Chapter 76

94 21 18
                                    

Bukan Firaun
Chapter 76

Akmal belajar main skateboard tentu selama di Bali, begitu juga Hasani. Shin entah dari kapan, dia yang paling jago. Mungkin karena badannya kecil, sehingga lebih aerodinamis.

Karena papan skate cuma dua, Hasani beli papan baru yang juga terjual di situ, ditambah pelindung kepala dan lutut.

Akmal agak kaku karena sudah lama gak main. Shin jago seperti biasanya, bikin orang-orang pada kepo, nyangkainnya dia profesional. Hasani belum juga setengah jam sudah menyerah.

"Sakit punggung gua, muka gua juga sakit pakai helm." Hasani  duduk lalu melepas helm-nya.

"Wah, Has, itu kaos lo ada darahnya." Shin menunjuk punggung atas Hasani.

"Iya makanya sakit, padahal udah dibawa ke klinik tadi malam." Hasani memegang punggungnya sambil meringis.

"Yah cuma ke klinik sih gak akan dikasih morfin. Paling pain killer doang. Lagi gak ada stock gue." Shin mengeluh.

"Ayo kita ke dokter lagi aja, Has." Akmal terlihat khawatir.

"Gak usahlah, ini karena maen skate aja, jadinya lukanya berdarah lagi. Kalian maen aja, gua duduk dulu deh ye. Jangan berhenti gara-gara gua!" Hasani berdiri dan berjalan menuju kafetaria dekat situ sambil menenteng papan skate-nya.

Akmal dan Shin ngeliatin Hasani jalan menjauh.

"Enggak-enggak, ayo kita pulang aja! Ana juga gak tenang main kalau suasananya begini." Akmal menyusul Hasani.

"Serah lu dah, Mal!" Hasani menurut.

Mereka berdua akhirnya mengantarkan Hasani ke klinik. Setelah dirapikan lagi jahitannya dan dibalut rapat, mereka mulai berdebat harus membeli apa buat upeti.

"Perhiasan lah." ucap Shin sambil nyetir. Mereka sekarang memakai mobil Hasani yang berwarna hitam gelap. Akmal pilih duduk sendiri di belakang.

"Wkwk, Nur kan minta khulu, semua perhiasan dilemparkan?" Hasani ngupingnya detil malam itu.

"Hah masa?" Shin gak percaya.

"Hala tidak pernah terikat dengan perhiasan, dari awal ketemu pun ana sudah dilempar perhiasan." Akmal mengenangnya.

"Bunga kalau gitu." Shin memberi usul lain.

"Nur sih beliin aja ayam hidup, seneng pasti dia." Hasani nambahin.

"Ya udah, bunga sama ayam hidup." Shin pikir itu serius.

"Ana kesel kalau masalah rumah tangga ana dianggap remeh terus." Akmal marah.

"Gue gak anggap remeh.
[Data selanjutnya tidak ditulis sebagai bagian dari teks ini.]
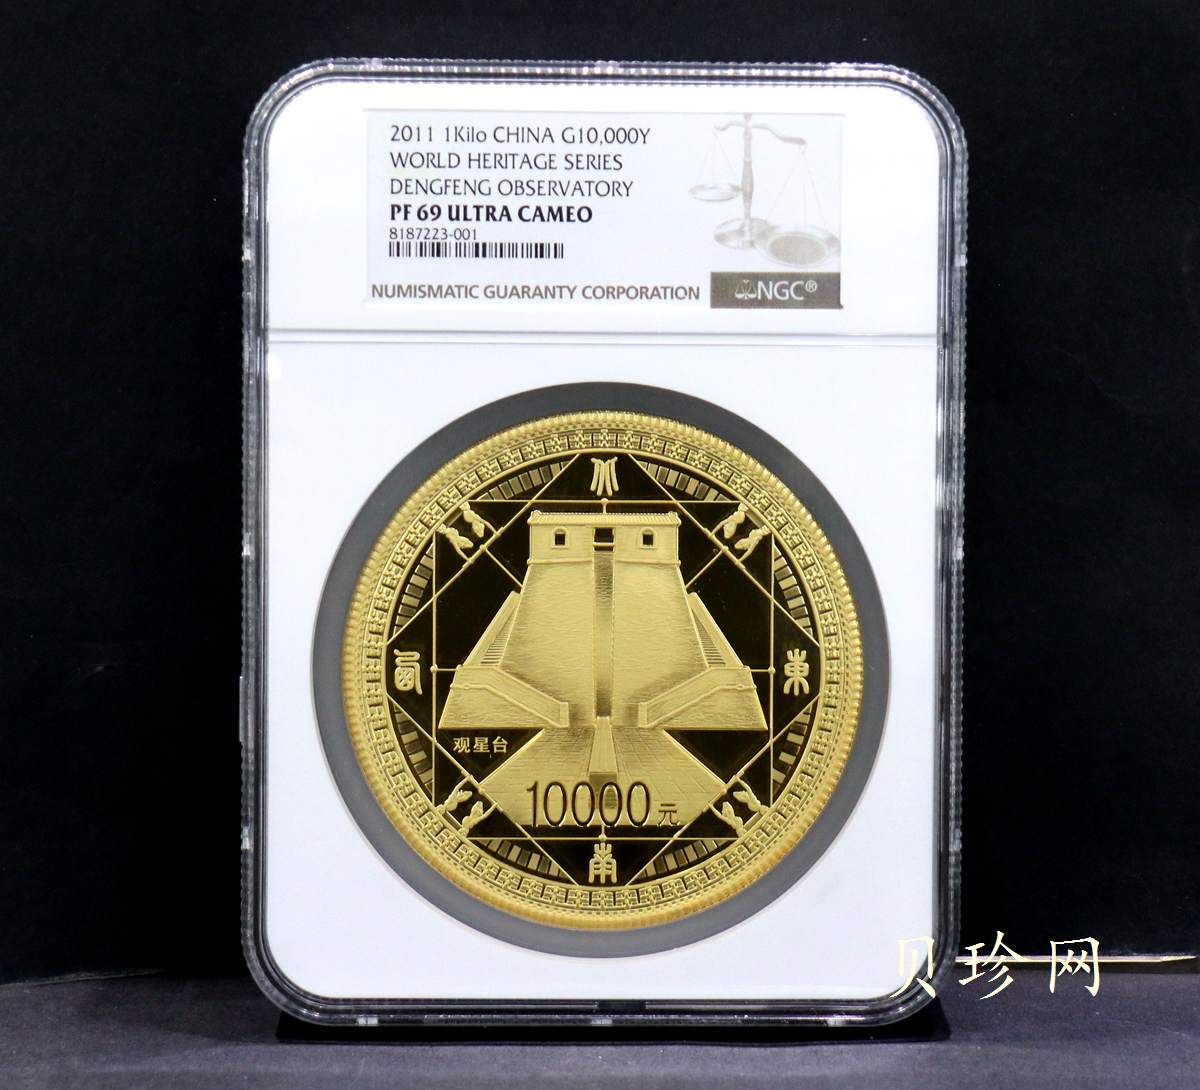 【110901】2011年世界遗产-登封观星台1公斤精制金币

Ini juga lagi bantuin mikir." Shin membela diri.

"Gua gak anggap remeh, cuma gak lebay juga. Aneh aja gua sih. Dia yang dulu maksa-maksa mempertahankan lu. Sekarang dia maen buang aja. Habis manis sepah dibuang." Hasani gak terima banget.

"Si Akmal kapan pernah manis emangnya?" Shin balik bercanda.

"Waktu tatonya kelinci, manis banget tuh wkwk." Hasani ngeledek.

"Tau tuh, Katya tega beut masa cowok ditato begitu, wkwk." Shin ikutan ngakak.

"Eh kata kalian rumah Bali mau dijual?" Akmal bertanya.

"Iya, Mal. Duitnya mau dibagi-bagi. Kata Katya lo juga ada bagiannya." Shin memberi info.

"Kamar paling timur lantai dua, jadi kamarnya siapa?" tanya Akmal.

"Kamar gua." Hasani menunjuk dirinya sendiri.

"Kamar paling belakang di rumah Surabaya siapa yang tempatin?" tanya Akmal lagi.